1: string prefix = String.Format("http://+:{0}/", ConfigurationManager.AppSettings["ServerPort"]);
2: HttpListener httpListener = new HttpListener();
3: httpListener.Prefixes.Add(prefix);
4: httpListener.Start();
5:
6: // 10 worker threads
7: for (int i = 0; i < 10; i ++)
8: httpListener.BeginGetContext(new AsyncCallback(RequestCallback), null);
Besides that, you're on your own. You handle each request as you see fit in your request handler, and once you've done what you need to you spool up another listener to replace the one you've just 'used', then wait for more calls to come rolling in.
1: private void RequestCallback(IAsyncResult result)
2: {
3: HttpListenerContext context = null;
4: try
5: {
6: context = HttpListener.EndGetContext(result);
7:
8: string output = "{";
9: bool foo = false;
10: foreach (string key in Status.Keys)
11: {
12: output += String.Format("{2}\n\t{0} : '{1}'", key, Status[key], foo ? "," : "");
13: foo = true;
14: }
15: output += "\n}";
16:
17: Encoding encoding = new UTF8Encoding(false); // Whenever I have UTF8 problems it's BOM's fault
18: byte[] outputBytes = encoding.GetBytes(output);
19:
20: context.Response.OutputStream.Write(outputBytes, 0, outputBytes.Length);
21: }
22: finally
23: {
24: if (context != null && context.Response != null)
25: context.Response.Close();
26: HttpListener.BeginGetContext(new AsyncCallback(RequestCallback), null);
27: }
28: }
Now we can consume the one-trick web service via AJAX requests spawned from an HTML page!

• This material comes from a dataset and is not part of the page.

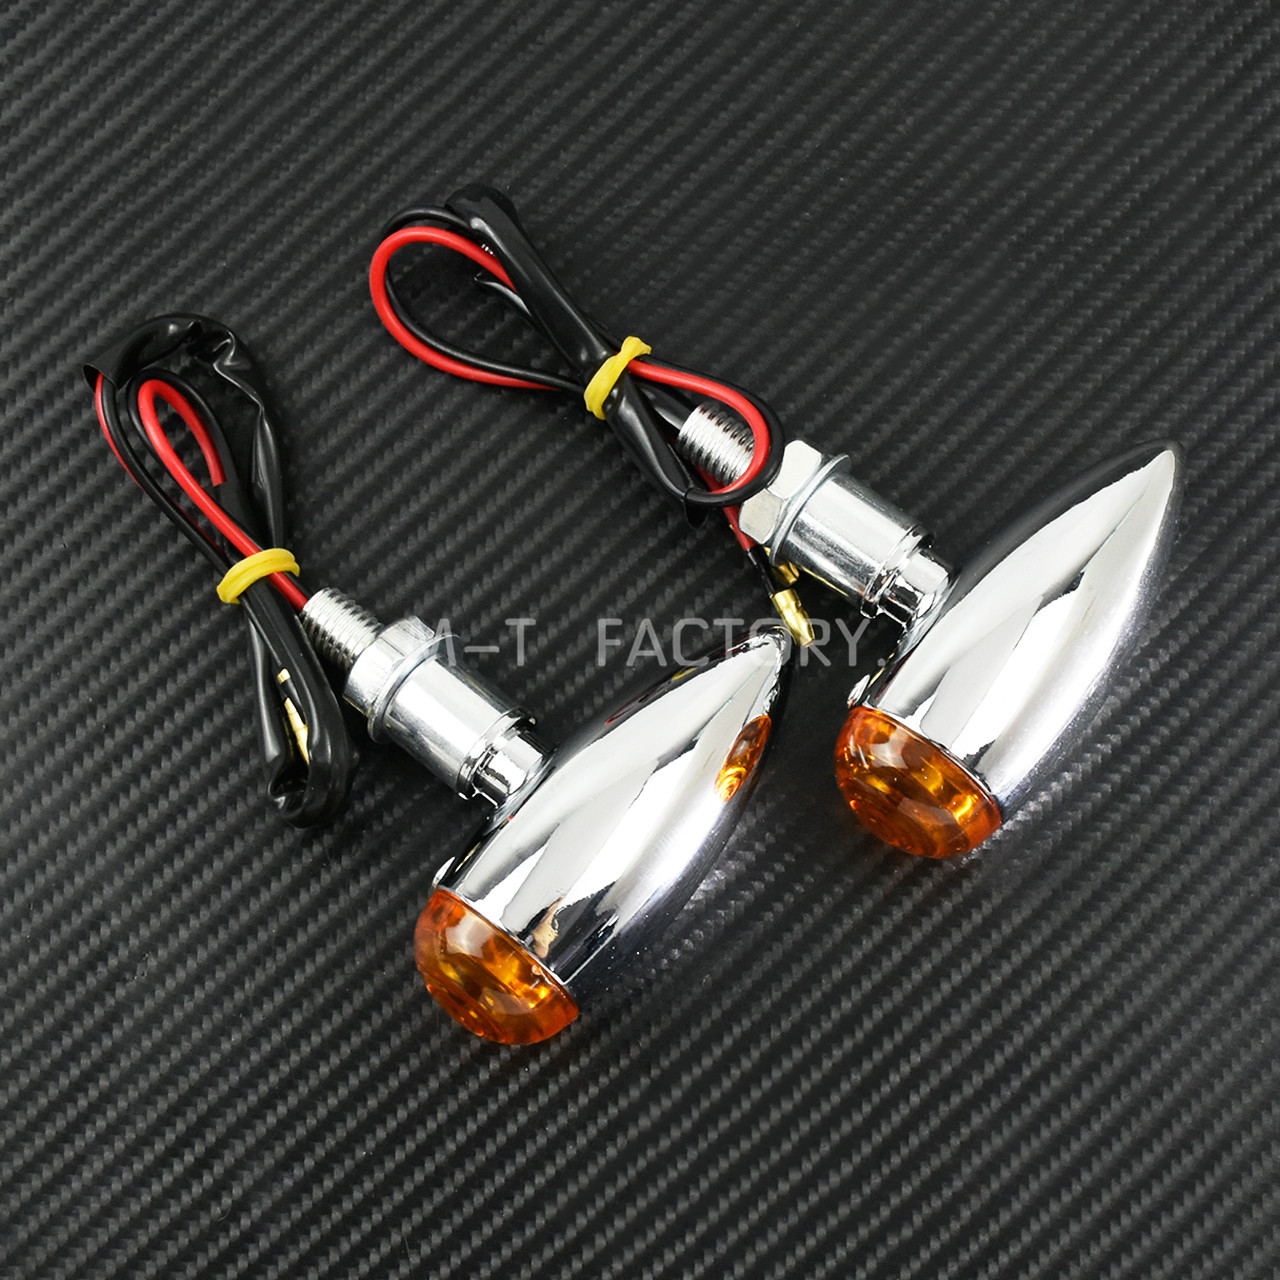 sinal de seta para motocicleta lampada cromada 01

That's Not a Client - It's an HTML Page
Damn right it's an HTML page. Why bother with apps and servers and all that cruft when all you need is a few lines of Javascript? The 'client' is a simple HTML page containing a list of active agents which are polled every second and the results are used as the data for a set of sparklines graphs care of a jQuery plugin. The only gotcha here is the scale on the requests/sec graph. We can treat CPU and memory usage as percentages, but requests/sec is an absolute value so you may need to tweak the y scale accordingly.
Hmmm. Hang on a minute . . .
Oh crap, I forgot about the Same Origin Policy
Every time I think of something cool to do with a web client the Same Origin Policy comes and bites me on the arse. SOP states that an XmlHttpRequest can only be sent to the same domain as the Javascript file which initiates it, and therefore prevents the kind of cross-domain AJAX shenanigans we're attempting here.
JSONP is a cheeky little hack designed to circumvent this very restriction. Rather than being just Javascript object literal notation, as is the case with JSON, JSONP actually returns a javascript source file which is fetched by the host page using a script block, dodging the SOP. When making a call to a JSONP-aware service you provide the name of the function that is ready and waiting to process the response, and the service wraps it's JSON response in a call to that function so that when the file is fetched by the client the response handler is executed. Conceptually it feels weird as you're essentially pulling a pushing, or maybe pushing a pull, but getting down to the brass tacks this means we have to add two lines to our request handler:
1: string callback = context.Request.QueryString["callback"];
2: output = String.Format("{0}({1})", callback, output);
On the client side there is a handy jQuery JSONP plugin which makes for a similarly smooth transition.
~fin
Those are the bits that interested me, at least. Feel free to grab the code and have an explore. It's a testament to the .NET framework that it packs so much into so few lines of working code and made for a fun train-journey-home-from-work project over a few days.